Information provided.
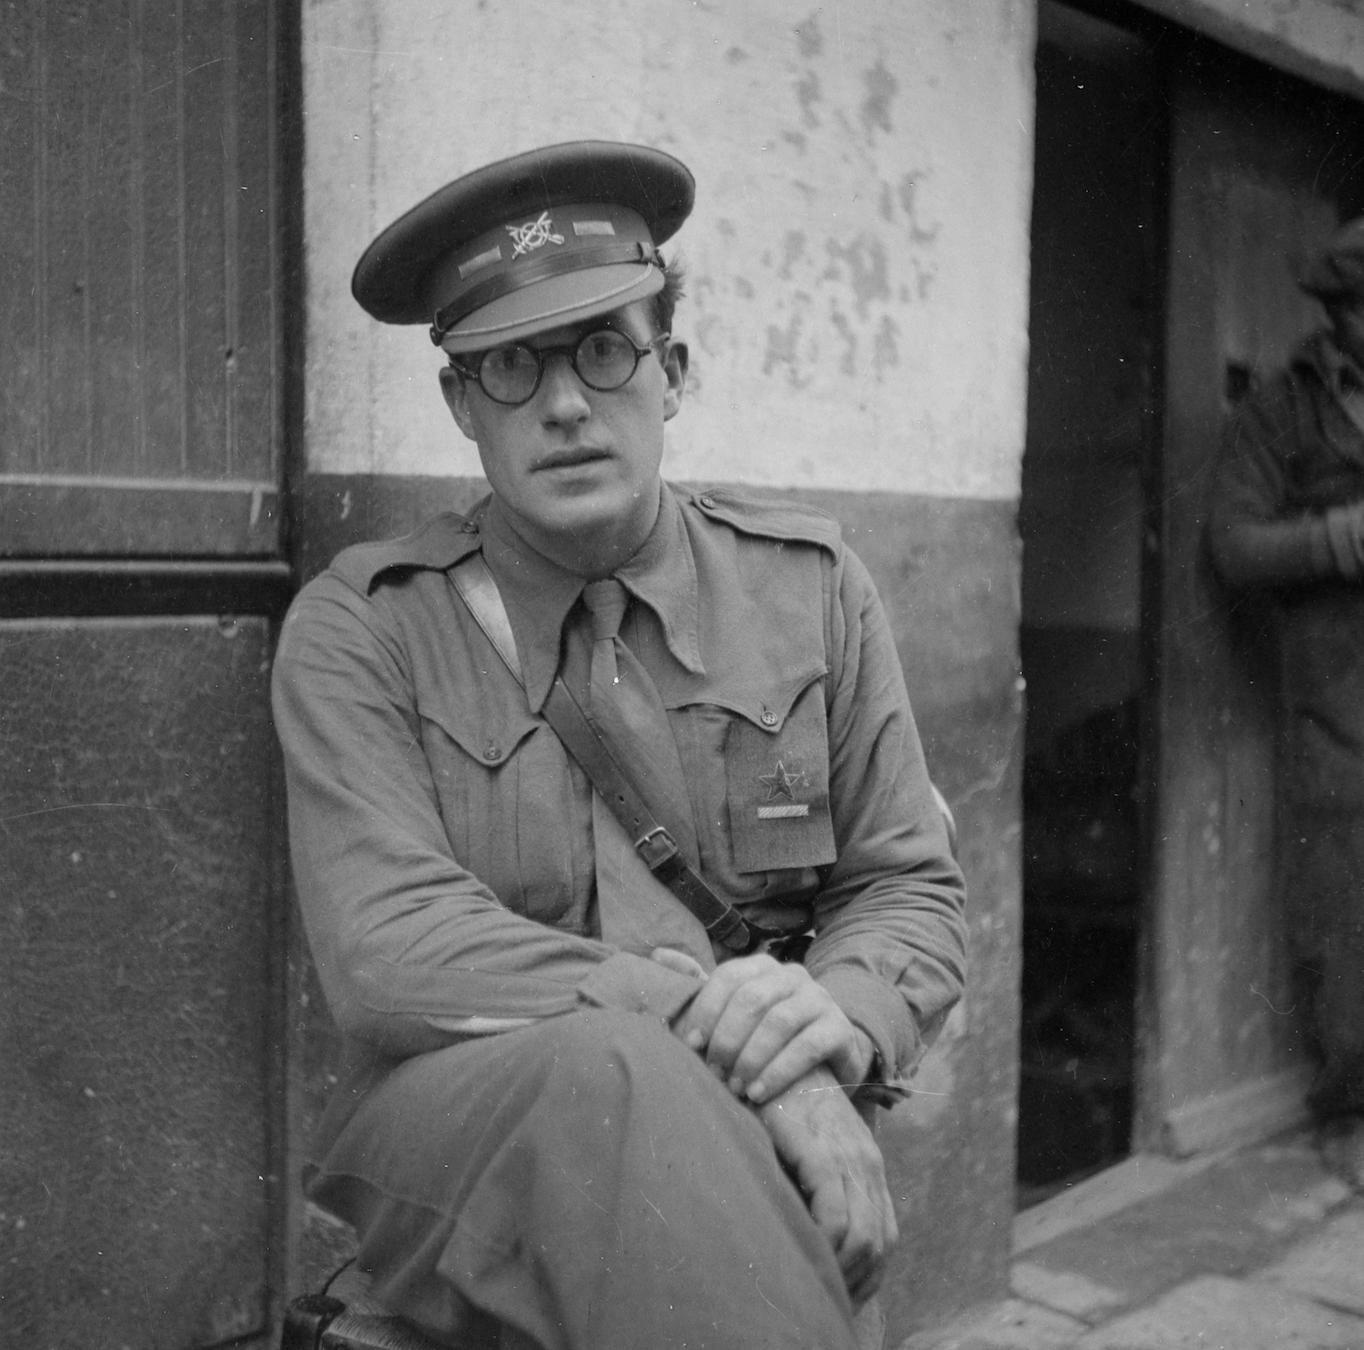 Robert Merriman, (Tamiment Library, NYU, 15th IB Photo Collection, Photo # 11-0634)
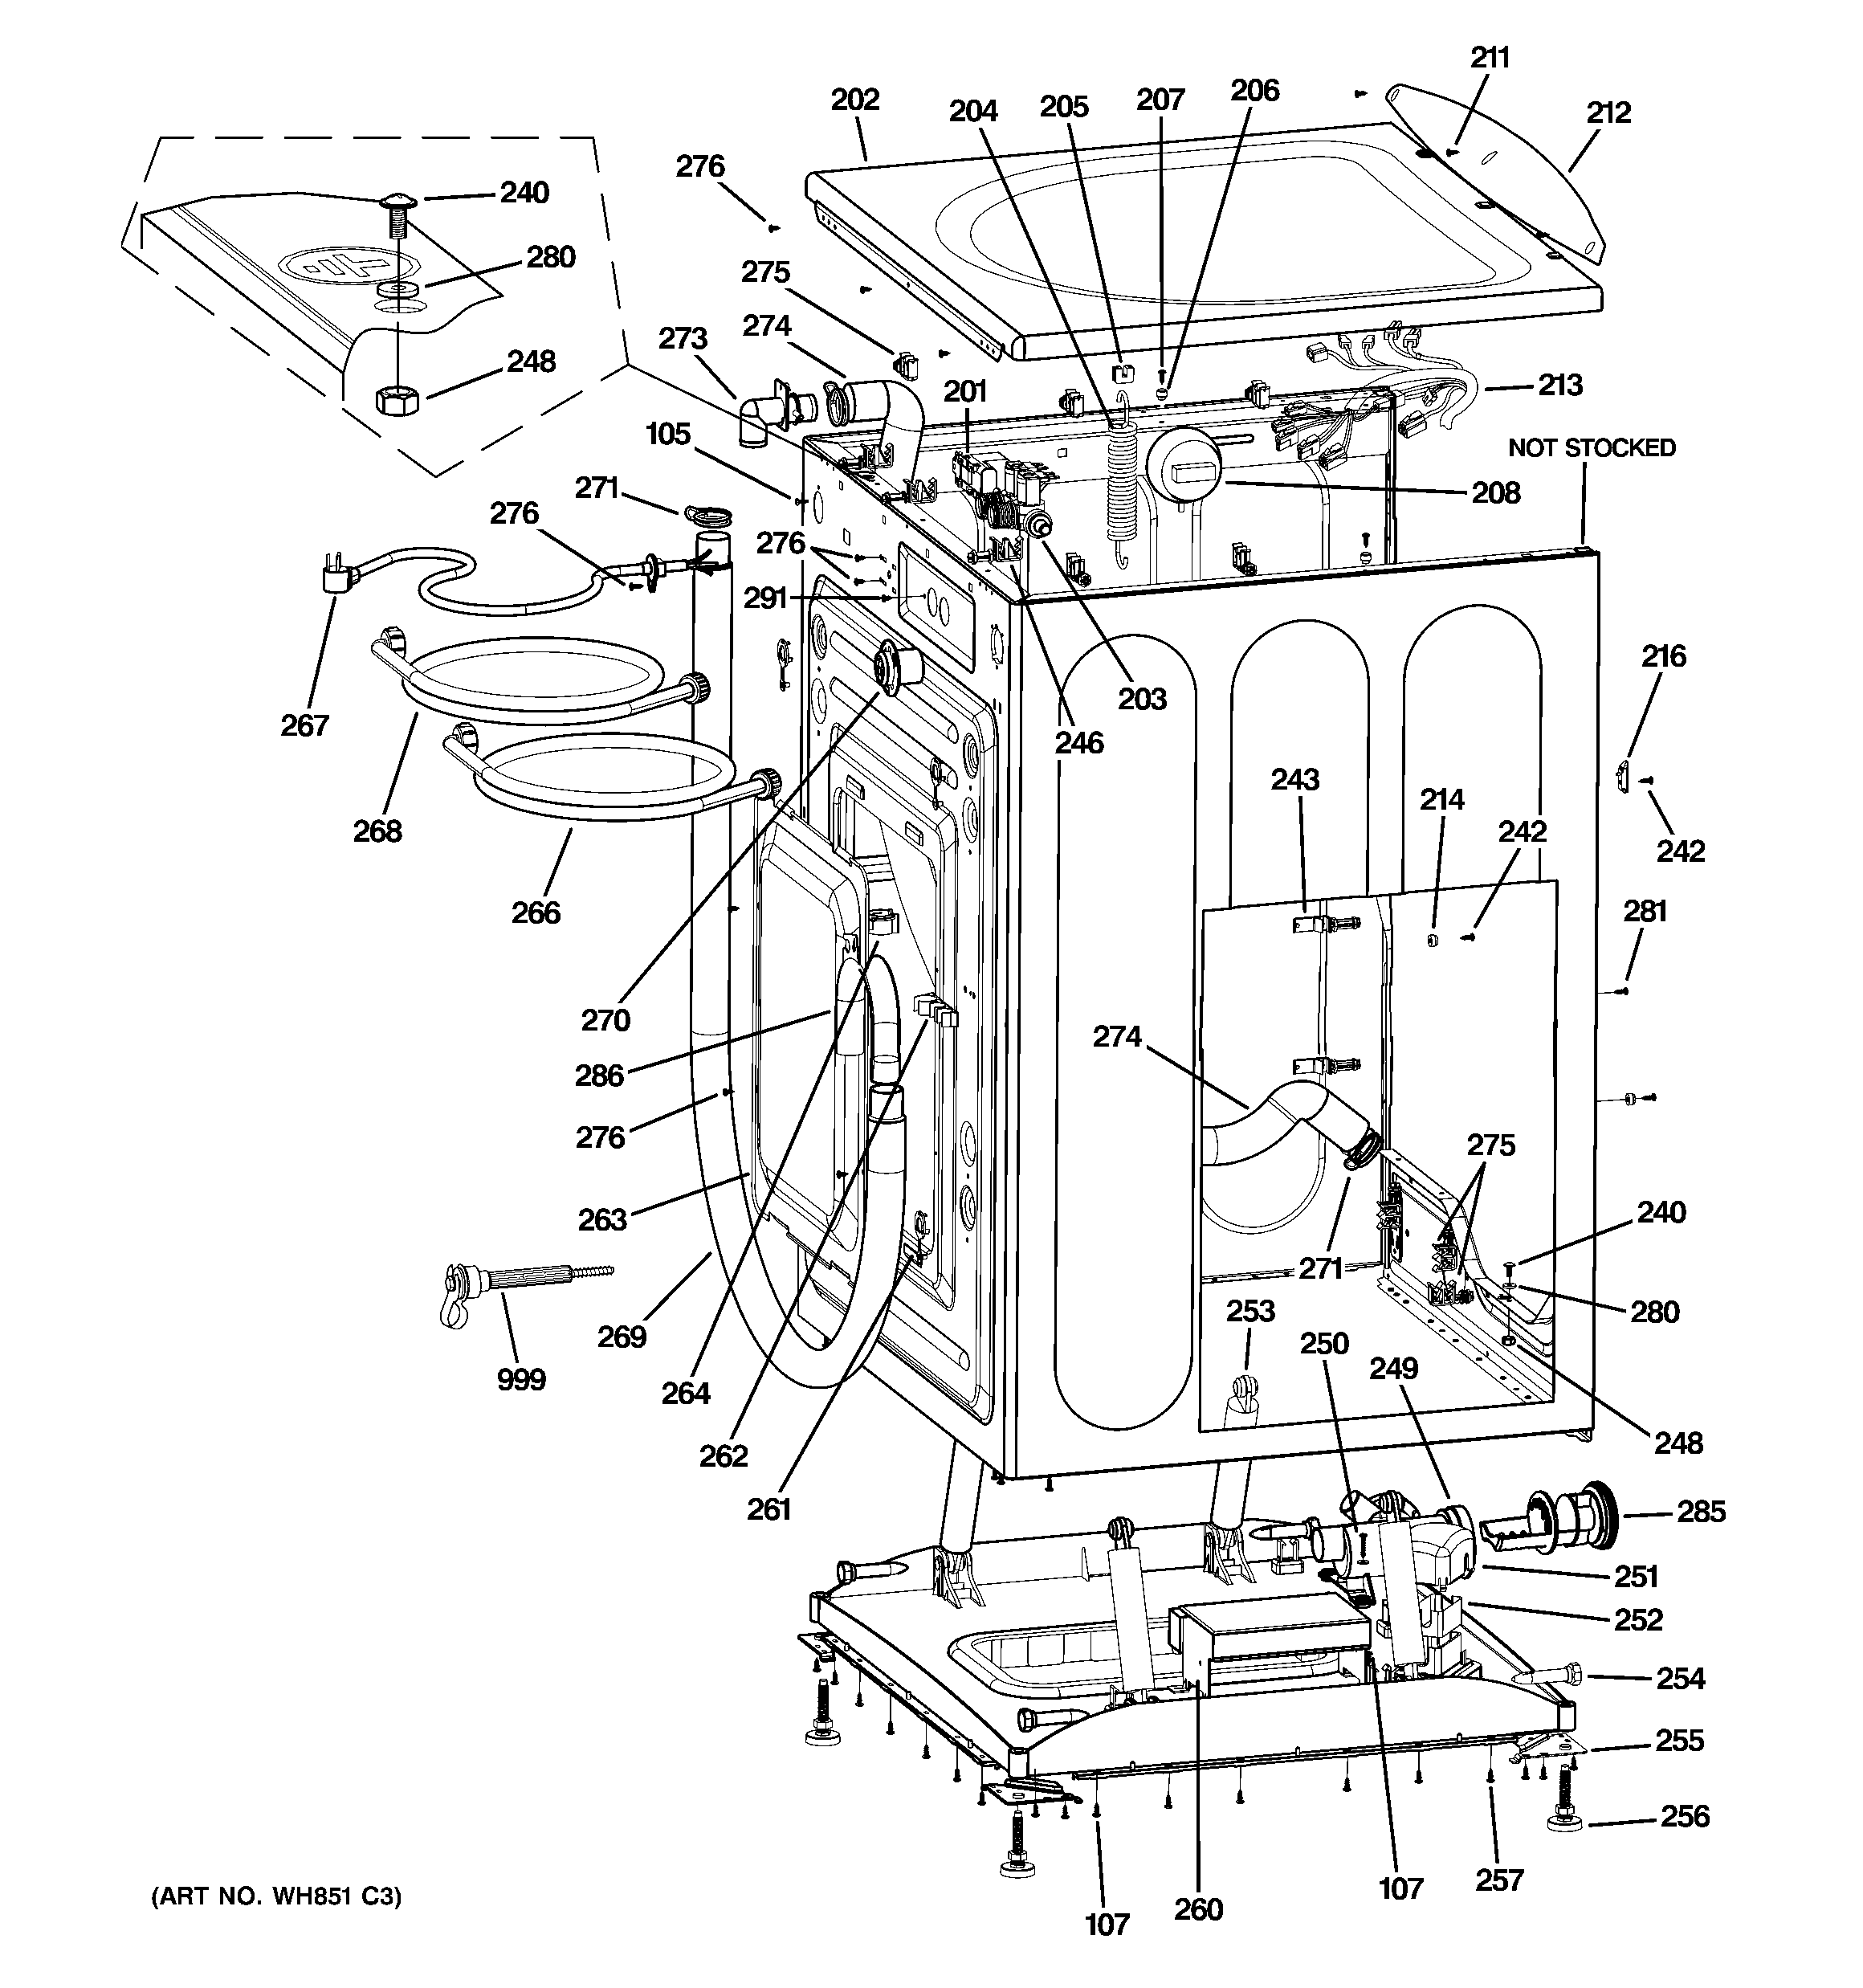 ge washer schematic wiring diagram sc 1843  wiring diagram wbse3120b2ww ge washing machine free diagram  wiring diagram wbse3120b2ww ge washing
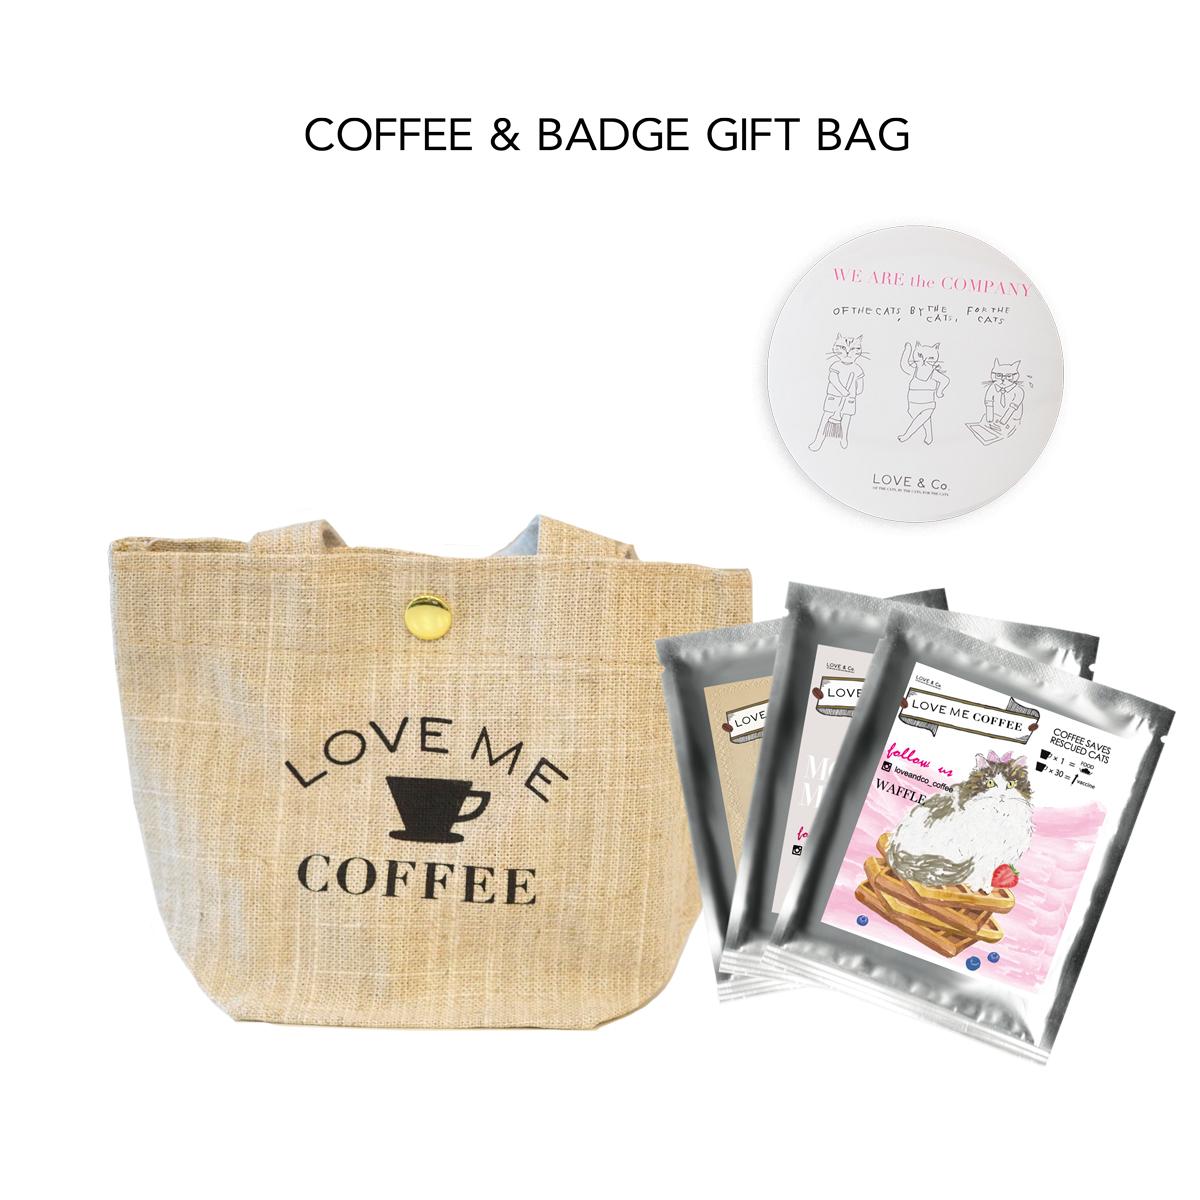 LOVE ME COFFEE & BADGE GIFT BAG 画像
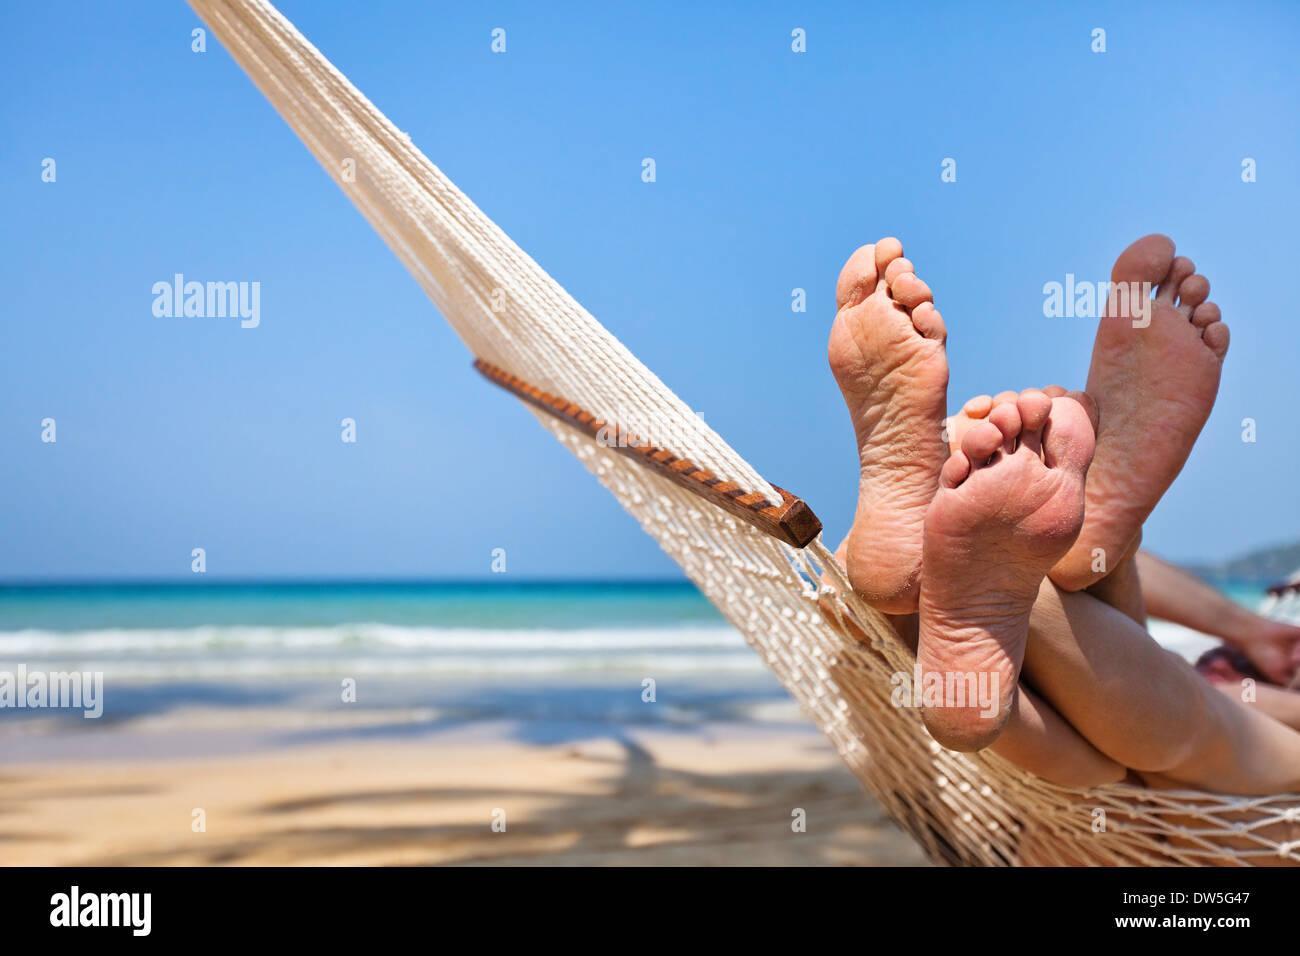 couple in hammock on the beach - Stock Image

What needs to be done.
Each line from the one containing "ge washer schematic" through the last line of the data should be written out exactly. Skip the pictures, and add no other lines.

Exercise response.
 ge washer schematic wiring diagram sc 1843  wiring diagram wbse3120b2ww ge washing machine free diagram  wiring diagram wbse3120b2ww ge washing
 LOVE ME COFFEE & BADGE GIFT BAG 画像
 couple in hammock on the beach - Stock Image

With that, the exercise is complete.